The Wall Street Journal is reporting that Senators Michael Bennet and Mike Crapo are attempting to put together an amnesty for illegal alien farmworkers that can pass both the Senate and House in the lame duck session and get enacted into law before Republicans take control of the House in January.
- Congress has not pulled this off since 1986
- The Immigration Reform and Control Act of 1986's (IRCA) "special agricultural worker" amnesty program provided temporary and later permanent legal status for aliens who had performed seasonal agricultural work in the U.S. for at least 90 days during the 12 months ending on May 1, 1986
The area that I particularly labored in [was to] come up with a compromise on agriculture. The sticking point [for IRCA] proved to be the farm worker program.
- Labor-connected Democrats insisted that foreign guest-workers would have an adverse impact on the wages and working conditions of domestic workers.
- Schumer was also up-front about the fact that his SAW amnesty was specifically designed to meet the needs of special interests.
When the House reconvened in 1984, a number of young legislative entrepreneurs worked behind closed doors to harmonize conflicting versions of the Simpson-Mazzoli bill
- With the blessing of party leaders, they sought to fashion a compromise package that satisfied growers while meeting union demands for worker protection.
The fraud:
- Only 72 percent of applicants for farm worker amnesty had work histories that qualified them for the program.
- The Immigration and Naturalization Service (INS) has identified 398,000 cases of possible fraud in the program, but the agency admits that it lacks both the manpower and the money to prosecute individual applicants
- Unlike other immigration programs, which put the burden of proof on the applicant, the farm amnesty puts the burden on the Government. Consequently, aliens with even the most rudimentary documentation cannot be rejected unless the Government can prove their claims are false
- A study using California unemployment insurance data indicated that, assuming the entire universe of SAW-eligible workers were undocumented, there should have been between 115,000 and 188,000 applicants in the state.

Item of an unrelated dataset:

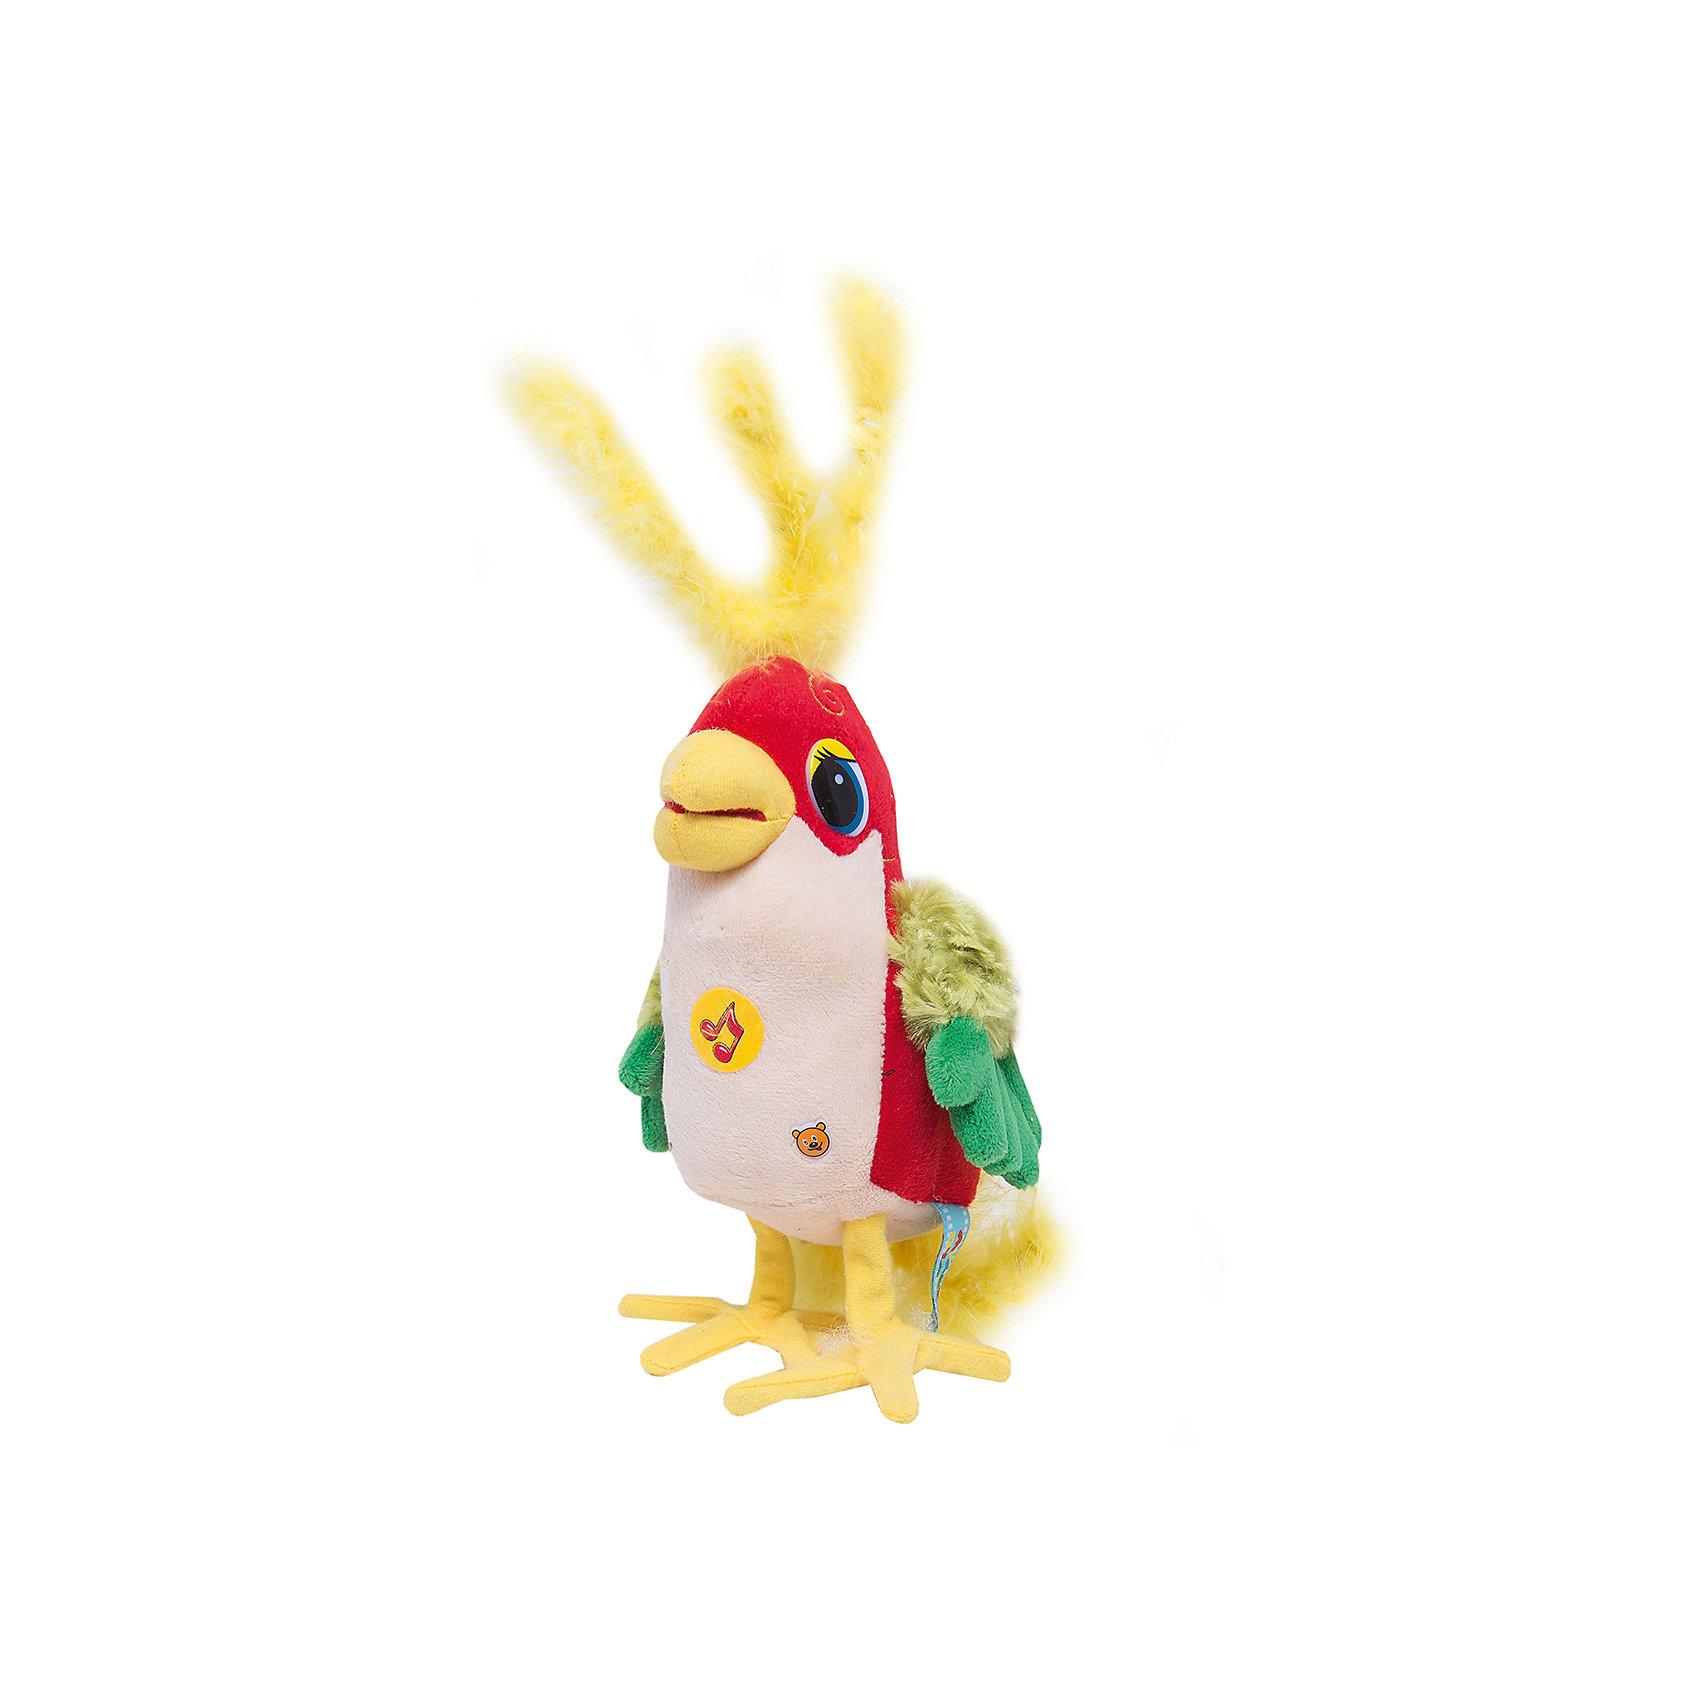 МУЛЬТИ-ПУЛЬТИ Мягкая игрушка Попугай, 20 см, 38 попугаев, МУЛЬТИ-ПУЛЬТИ мульти пульти мягкая игрушка крокодильчик свомпи where is my water со звуком 20 см мульти пульти

This sorry history of fraud was preceded by Schumer's promise during the markup that fraud would not be a problem:
- During the markup, Schumer claimed that the program would "shut[] off one of the prime magnets to illegal immigration: an agricultural job."
- SAW actually encouraged illegal immigration.
- The U.S. Commission on Agricultural Workers later found that: "the SAW program... appears to have formed the foundation for continued illegal immigration through the following factors: (1) by facilitating the settlement of immigrants in the United States, thereby increasing the number of "anchor" households whose presence facilitates the transition into U. S. work and society for future authorized and unauthorized immigrants, [2] by facilitating cyclical migration, thereby reducing the costs for unauthorized immigrants to journey.north and enter the [SAW] plan with legally returning SAWs; (3) by stimulating unauthorized family unification in the [United States] as spouses join their husbands in the agricultural labor force; and (4) by "sending the message" that the route to legal status comes through illegal entry."